The recent incidents also raise questions about the role of government and industry collaboration in addressing cyber threats. While the SEC’s requirement for reporting material cyber incidents is a step in the right direction, more proactive measures are needed. Government agencies should work closely with industry experts to develop and implement cybersecurity best practices specific to the hospitality sector. This collaboration could include sharing threat intelligence, conducting joint simulations and exercises, and providing guidance on incident response and recovery.

Editorial Opinion

The ransomware attacks on MGM Resorts and Caesars Entertainment reveal the urgent need for stronger cybersecurity measures within the hospitality industry. The incidents highlight the potential consequences of inadequate cybersecurity practices, including financial losses, reputational damage, and compromised customer trust.

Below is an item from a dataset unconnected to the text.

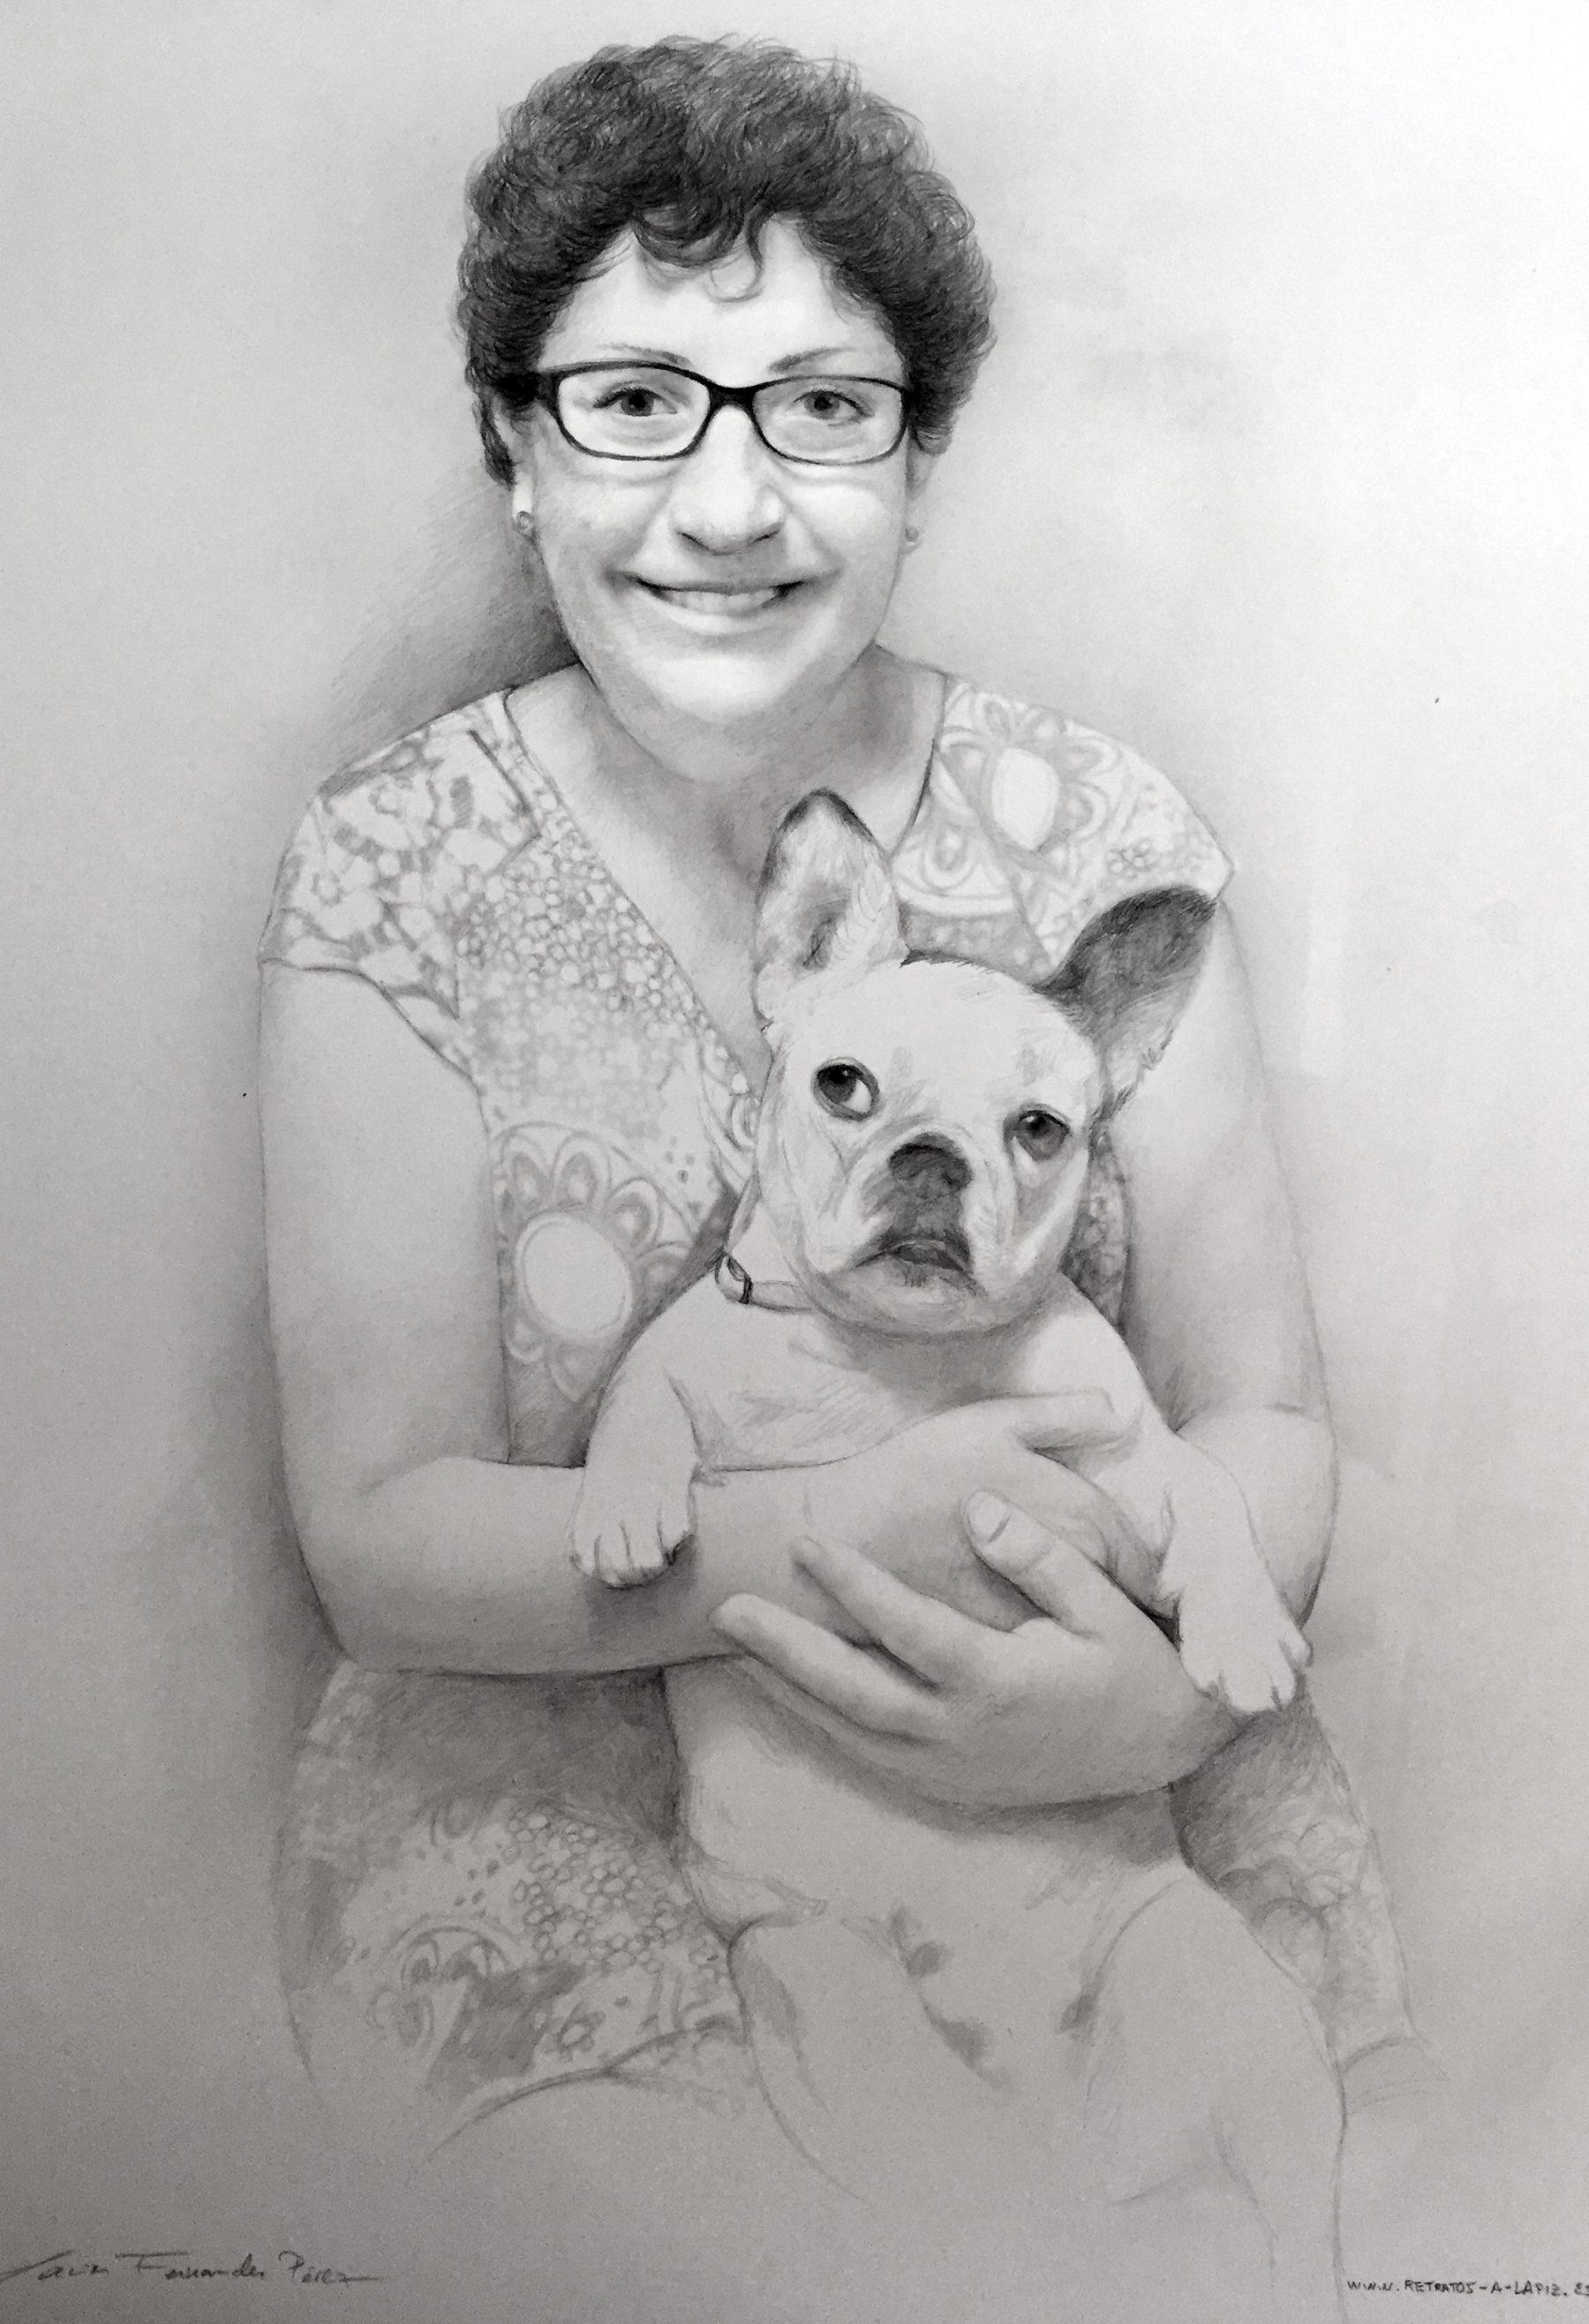 retrato-de-perro-e1488759043362
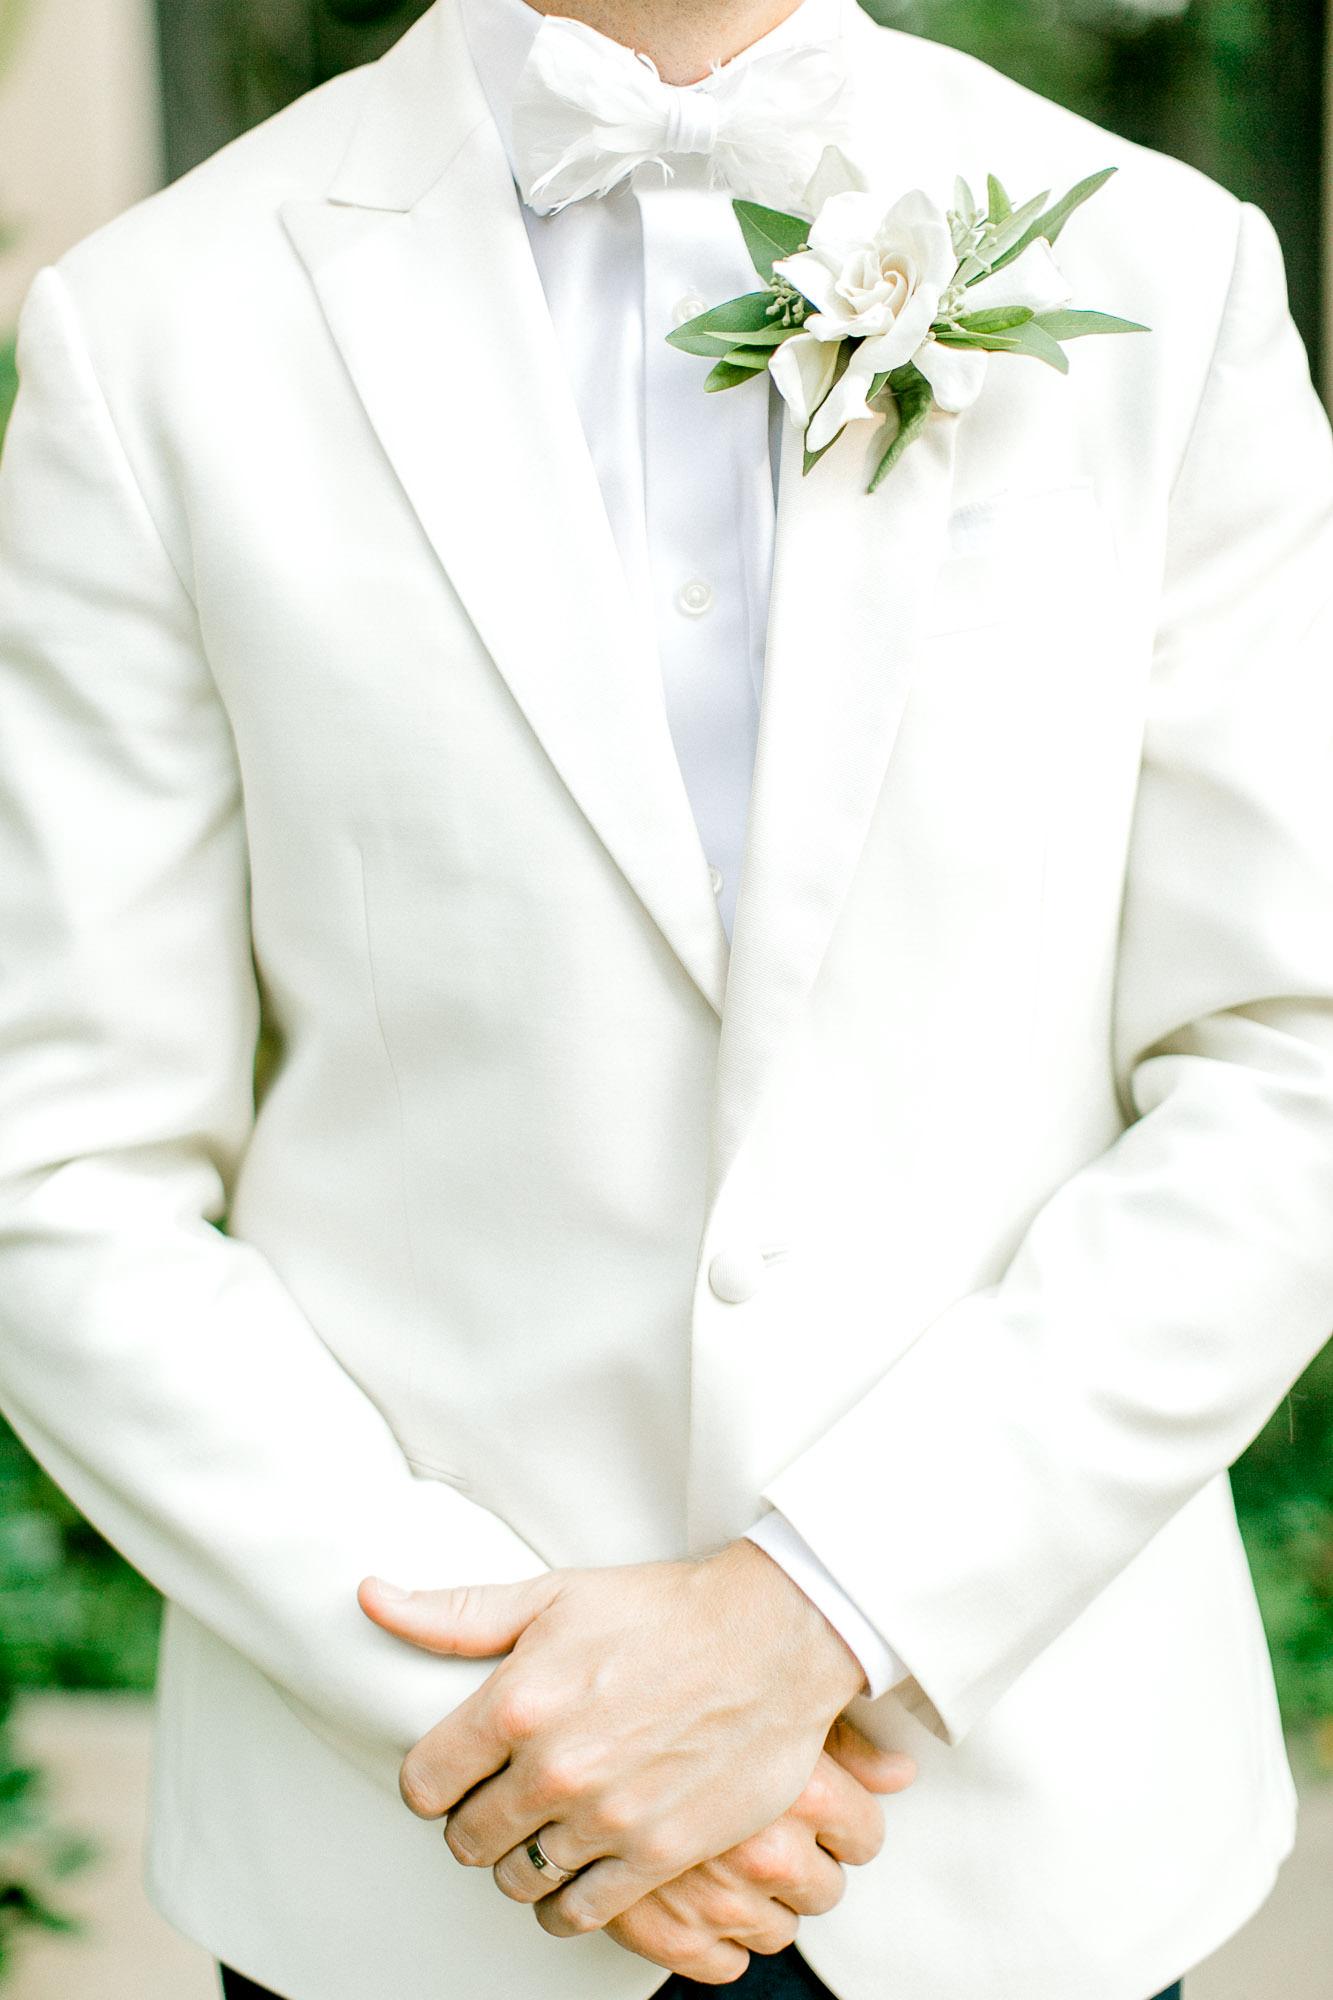 ali-brandon-hamilton-lubbock-wedding-photographer-estate-lee-lewis-construction-bee-alleej_0102.jpg

While regulations like those implemented by the SEC are an important step towards transparency and accountability, they should be complemented by proactive cybersecurity strategies. The hospitality industry must prioritize investments in state-of-the-art cybersecurity defenses, employee training, and regular risk assessments. The focus should be on prevention rather than just response and recovery.

Additionally, government and industry collaboration is essential to effectively combat cyber threats. The government can provide guidance, support, and resources, while industry experts can contribute their in-depth knowledge of the sector to develop tailored solutions. By working together, they can create a more resilient and secure environment for both businesses and consumers.